REQUIRED WORK: Whenever a line of the material contains the string "Bedroom", it should be copied.
☆ ☆ ☆ ☆
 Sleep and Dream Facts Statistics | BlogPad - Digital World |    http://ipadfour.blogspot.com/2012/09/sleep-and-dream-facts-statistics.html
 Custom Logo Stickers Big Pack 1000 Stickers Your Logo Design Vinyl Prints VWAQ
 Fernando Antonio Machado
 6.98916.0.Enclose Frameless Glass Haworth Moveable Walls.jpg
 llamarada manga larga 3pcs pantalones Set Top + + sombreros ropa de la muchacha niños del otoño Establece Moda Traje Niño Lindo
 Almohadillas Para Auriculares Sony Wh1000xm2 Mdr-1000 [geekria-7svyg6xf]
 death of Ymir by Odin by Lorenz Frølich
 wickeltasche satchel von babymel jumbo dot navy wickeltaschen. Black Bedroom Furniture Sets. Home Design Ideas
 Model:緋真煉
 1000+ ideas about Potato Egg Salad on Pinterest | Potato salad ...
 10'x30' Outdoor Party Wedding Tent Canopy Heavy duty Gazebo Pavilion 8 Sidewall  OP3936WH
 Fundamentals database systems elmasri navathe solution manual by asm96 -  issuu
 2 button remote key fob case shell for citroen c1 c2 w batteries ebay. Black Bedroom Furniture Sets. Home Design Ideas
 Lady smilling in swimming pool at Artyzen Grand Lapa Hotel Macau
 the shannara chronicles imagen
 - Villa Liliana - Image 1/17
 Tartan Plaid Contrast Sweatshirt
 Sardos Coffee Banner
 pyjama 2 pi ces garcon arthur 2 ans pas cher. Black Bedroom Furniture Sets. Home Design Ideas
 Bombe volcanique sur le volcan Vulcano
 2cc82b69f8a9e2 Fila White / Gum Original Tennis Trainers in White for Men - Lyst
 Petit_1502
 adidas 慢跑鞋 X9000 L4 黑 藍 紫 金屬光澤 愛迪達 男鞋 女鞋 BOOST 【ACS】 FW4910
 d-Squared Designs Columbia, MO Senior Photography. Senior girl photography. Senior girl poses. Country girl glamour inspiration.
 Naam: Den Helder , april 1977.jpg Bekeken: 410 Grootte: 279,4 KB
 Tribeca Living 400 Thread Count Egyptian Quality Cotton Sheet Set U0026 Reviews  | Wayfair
☆ ☆ ☆ ☆
SOLUTION:
 wickeltasche satchel von babymel jumbo dot navy wickeltaschen. Black Bedroom Furniture Sets. Home Design Ideas
 2 button remote key fob case shell for citroen c1 c2 w batteries ebay. Black Bedroom Furniture Sets. Home Design Ideas
 pyjama 2 pi ces garcon arthur 2 ans pas cher. Black Bedroom Furniture Sets. Home Design Ideas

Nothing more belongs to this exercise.